Three Cybersecurity Trends For 2023

Three Cybersecurity Trends For 2023

Nobody can foretell the future, and with so many cybersecurity forecasts, it’s hard to know what to anticipate precisely as 2023 approaches. However, the experts at KPMG International have identified several directions in which the cybersecurity landscape will change over the coming year.

KPMG researchers recently released the top three cybersecurity forecasts for 2023 to highlight how businesses should change to stay up with the assault of current threats.

Predictions include big tech firms emphasising digital trust to keep up with cyber regulation, the incident response window decreasing as threat actors leverage automation, and approaches to zero trust moving from idle evangelism to active implementation.

Big tech will look to digital trust to keep up with cyber regulation 

Leading organisations in 2023 will realise the benefits of building and maintaining digital trust — and its importance for brand, reputation and customer retention in a world where cybersecurity breaches are becoming increasingly inevitable. Expect two big tech firms to embrace this idea — in part anticipating regulation ahead — but, more importantly, recognise the growing societal expectations over the trust.

2023 brings a perfect storm of cyber regulation as regulators worldwide bring forward rules on the security and ethics of AI, supply chain and digital infrastructure security, and corporate transparency around security and ransomware.

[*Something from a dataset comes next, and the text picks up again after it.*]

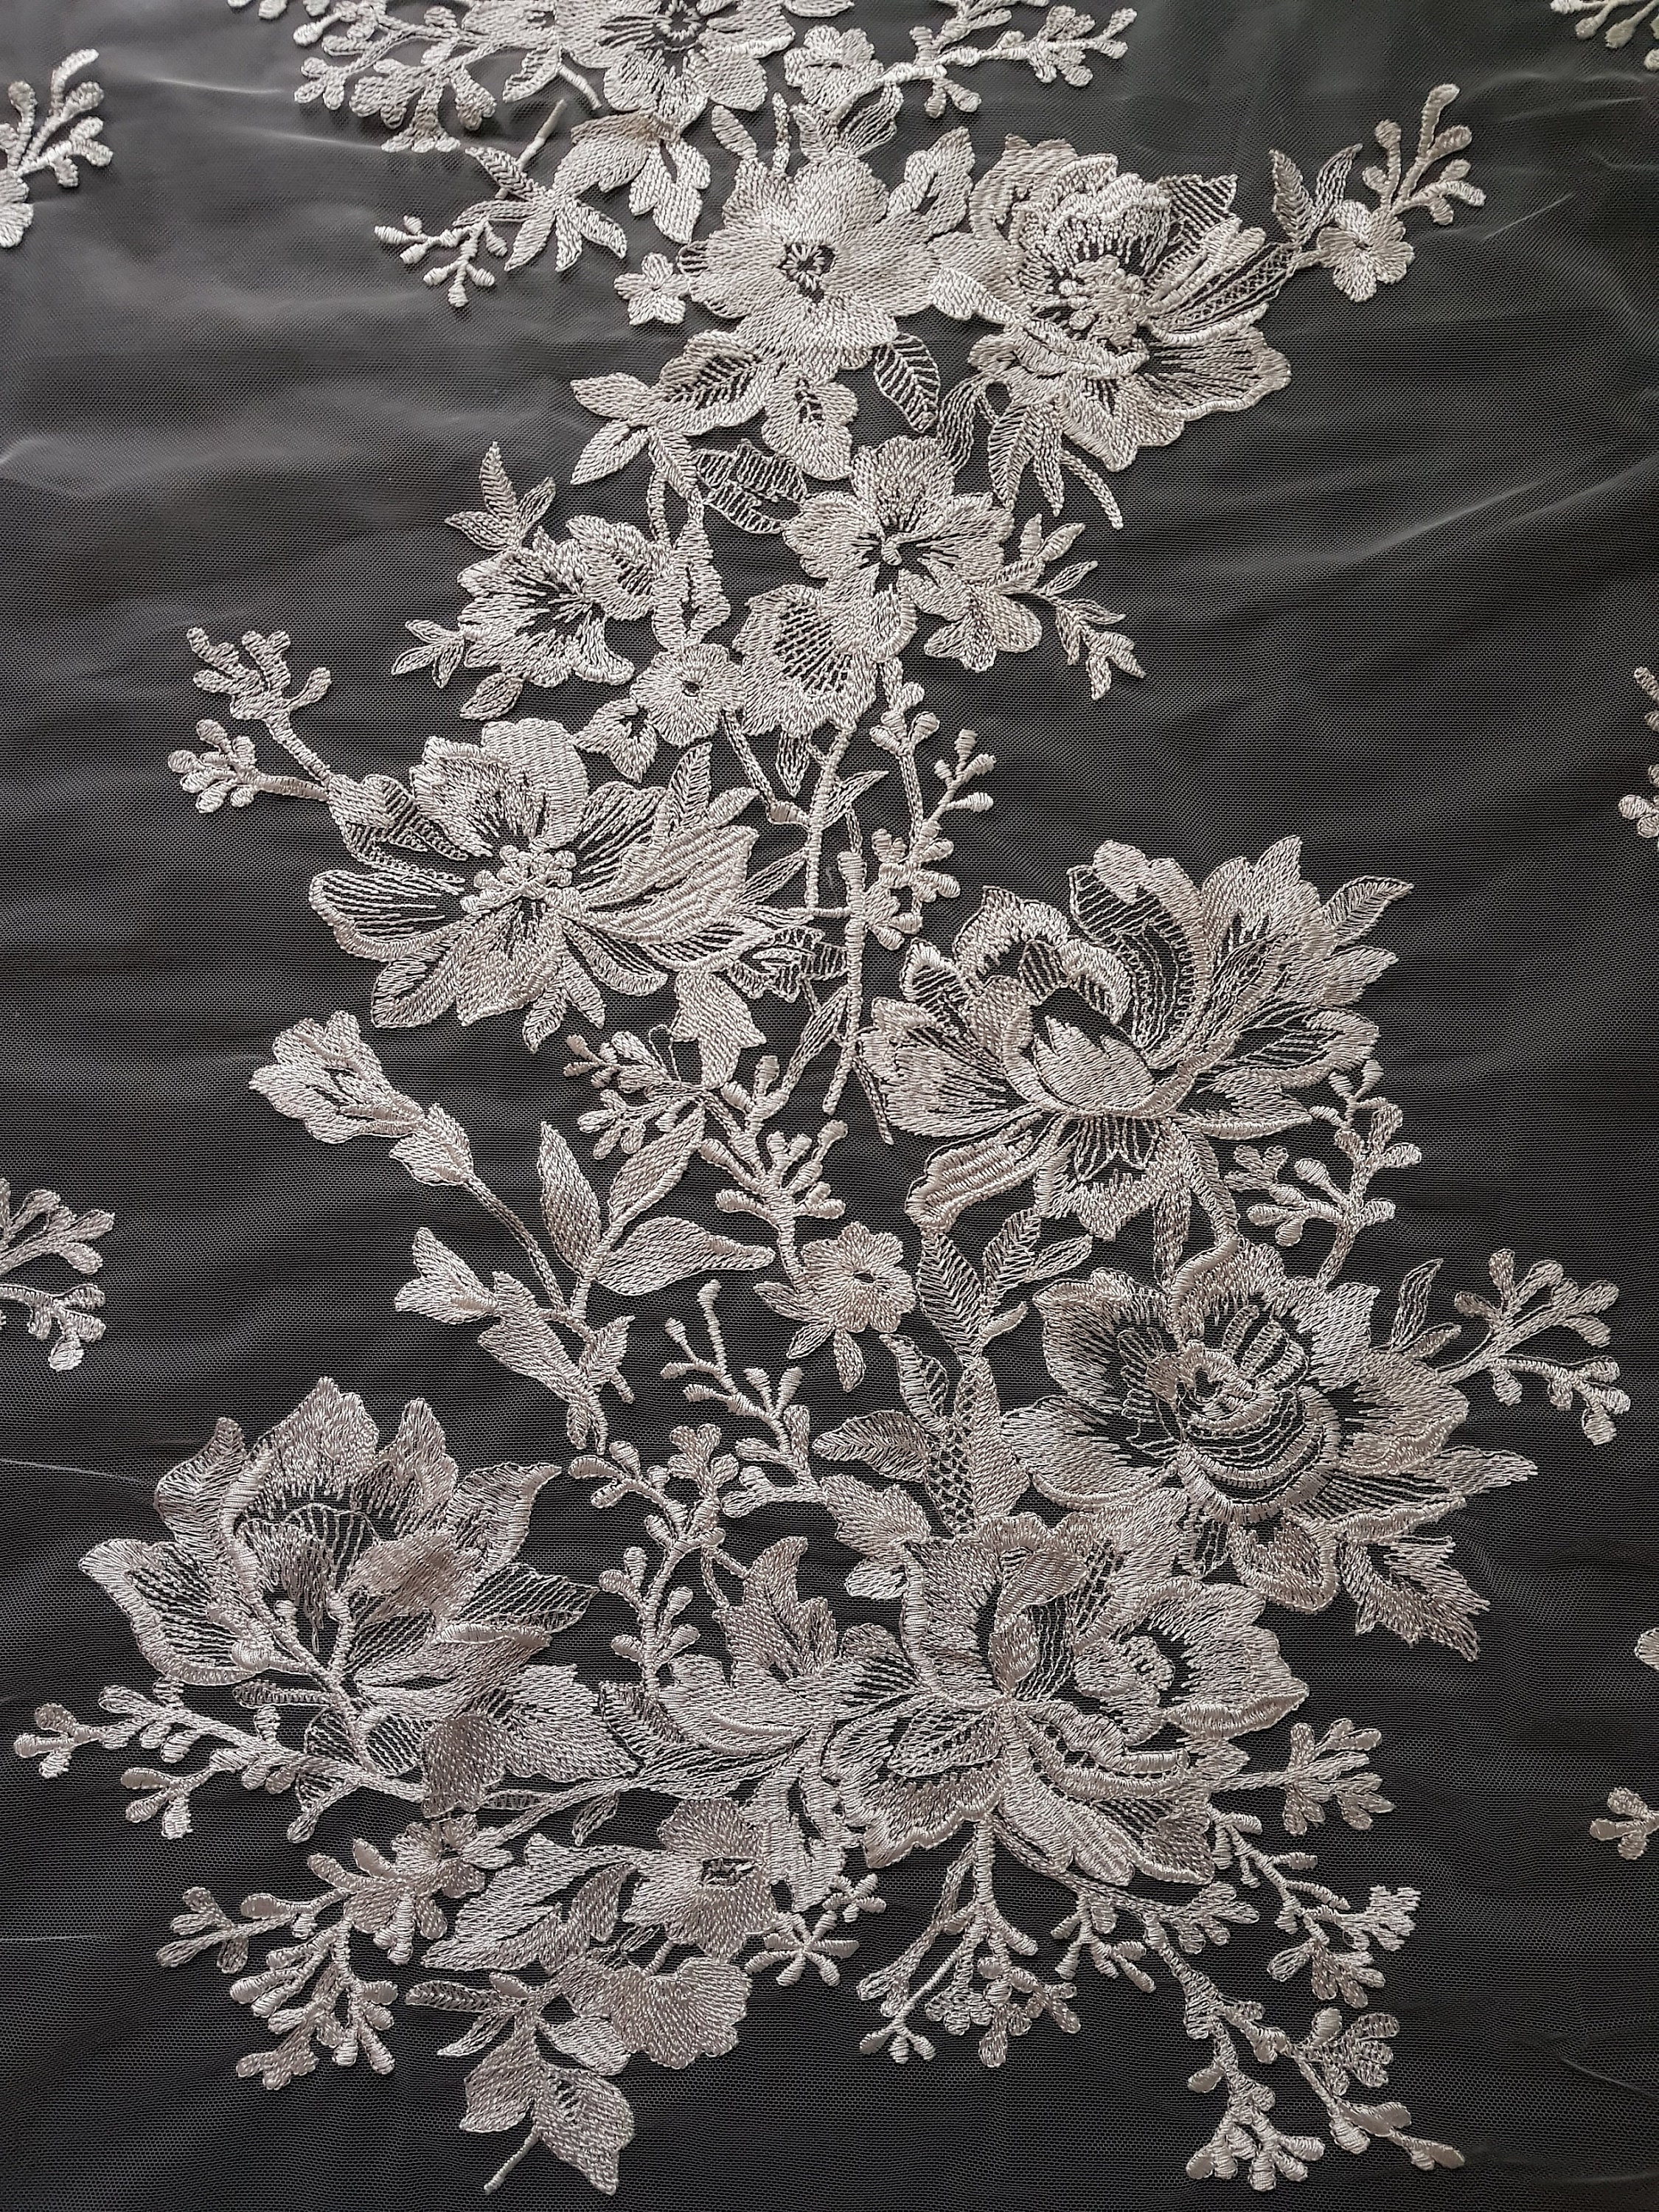 GAYCHUN Flower Embroidery Lace Fabric Wedding Bridal Dress | Etsy

It will take time for these regimes to bed in and for supervisory competence to build — but the direction of travel is clear — cybersecurity is no longer an optional retrofitted extra. The challenge will be to avoid compliance-driven approaches and stay focused on enabling the business.

The window to respond to cyberattacks will decrease as attackers turn to automation  

The time window to respond to cyberattacks will continue to shrink with a never-ending race between attackers and defenders. AI will play a part in automating corporate and national defences, but organised crime groups will ramp up their automation, too, to scale and accelerate their attacks. In 2023, a day becomes a long time in cybersecurity — and only by integrating cyber threat management will the defenders be able to stay ahead. Our resilience will be tested, demanding that governments and corporations work together to counter the changing threat.

Zero-trust hype will shift from evangelism to implementation

In 2023, zero trust will shift from evangelism to practical implementation as firms take the concept to heart and reengineer their security solutions for a perimeter-less organisation. As we do so, pressure is growing to reduce the security burden and adopt more usable and less intrusive security measures. Simply layering more and more protective controls increasingly risks impeding the business. Getting the right balance between protection and rapid detection and response will be key to success — and people need to be at the heart of that design.